La leggerezza poetica, indubbia qualità di questa storia, è resa sulla scena da immagini d’ombra dai toni pastello, acquerellati, e da ritmi calmi e distesi, che donano un’atmosfera di pace che informa tutta l’azione scenica e anche la recitazione. Il fatto poi che i personaggi abbiano tratti felini e che più che uomini sembrino gatti, favorisce quella “giusta distanza” dello spettatore dalla storia e nello stesso tempo crea un coinvolgimento emotivo senza il quale sarebbe impossibile condividere il percorso esperienziale di Moun. In scena è una sola attrice che ci racconta la storia di Moun e il pensiero che attraversa lo spettatore, è che sia lei stessa la protagonista. Questo non è mai esplicitato ma affiora dalla sua profonda partecipazione al racconto. L’attrice evoca la storia di Moun facendo uso di un linguaggio teatrale che fonde la narrazione e la danza con tutto il repertorio di tecniche d’ombra proprie di Teatro Gioco Vita.

«“Moun” - spiega il regista Fabrizio Montecchi, che cura anche la drammaturgia -  nasce da uno di quei piccoli libri dal titolo strano, che s’inizia a sfogliare distrattamente, senza nessun particolare motivo d’interesse ma che, fin dalle prime pagine, catturano inesorabilmente. Bastano solo poche frasi perché l’impreparato lettore si senta invaso da immagini potenti che, come un’eco, incominciano a risuonare dentro di lui. E quel piccolo libro, cui non si dava molta importanza, assume di colpo una dimensione altra, che lo rende preziosissimo.
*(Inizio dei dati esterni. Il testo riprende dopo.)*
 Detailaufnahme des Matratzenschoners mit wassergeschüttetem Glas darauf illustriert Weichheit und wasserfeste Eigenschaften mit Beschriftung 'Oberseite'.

Tre anni fa, alla prima lettura di “Moun”, il libro illustrato di Rascal e Sophie, mi è successo esattamente questo: fin dalle prime pagine sono rimasto folgorato da quella storia semplice ma profondissima e ho subito capito che, prima o poi, l’avrei messa in scena».
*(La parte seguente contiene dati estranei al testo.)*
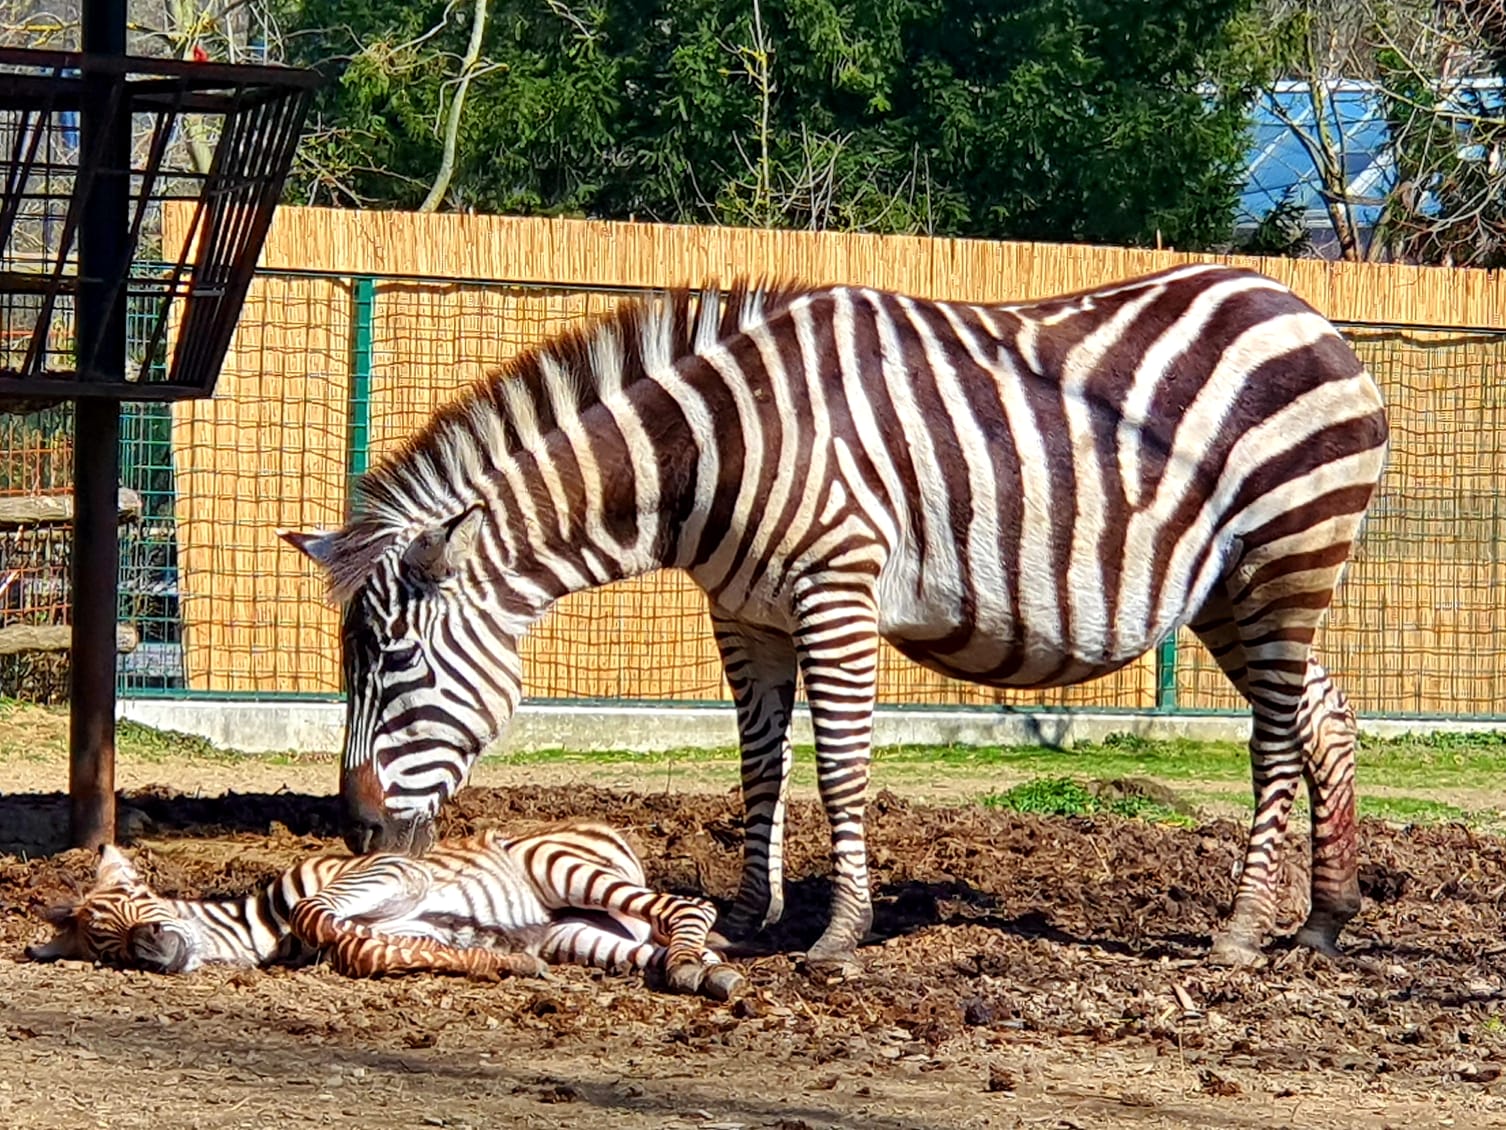 Mladunče u pravilu ima tridesetak kilograma, a odrasla zebra može biti deset puta teža.

Essere costretti a lasciare il proprio paese in preda alla violenza, affidare al mare le proprie speranze, arrivare in un paese sconosciuto portati “dalla schiuma e dalle onde”: impossibile non pensare all’emergenza migranti con cui la cronaca ci mette a confronto ormai quotidianamente.

«L’esodo in massa di migranti di questi ultimi mesi - prosegue il regista Montecchi - ha reso drammaticamente “politica” la storia che è raccontata in “Moun”, ma non è questo ciò che mi aveva colpito allora del libro, anche perché non amo particolarmente trattare, nei miei spettacoli, temi legati all’attualità. Ciò che mi aveva colpito era piuttosto quel guardare dentro una tragedia umanitaria per scorgervi una delle tante piccole tragedie umane, come a volerci dire che queste (le tragedie) non sconvolgono masse indistinte e senza volto ma i singoli individui e le “esistenze” che le compongono. Ma ciò che mi aveva ancora di più colpito era il contrasto tra quell’inizio dai toni quasi biblici e quel finale intimo e poetico, come a volerci dire che alle bruttezze e storture del mondo si può rispondere anche con la forza di un piccolo gesto d’amore e di come le piccole storie possono essere anche più forti della grande Storia».

Dopo Piacenza, la nuova produzione di Teatro Gioco Vita sarà presentata tra l’altro all’inizio di maggio a Milano al Festival “Segnali” e debutterà nella versione francese a Le Grand-Bornand in occasione del 25° Festival internazionale di teatro per le giovani generazioni “Au Bonheur des Mômes”  in programma dal 21 al 26 agosto.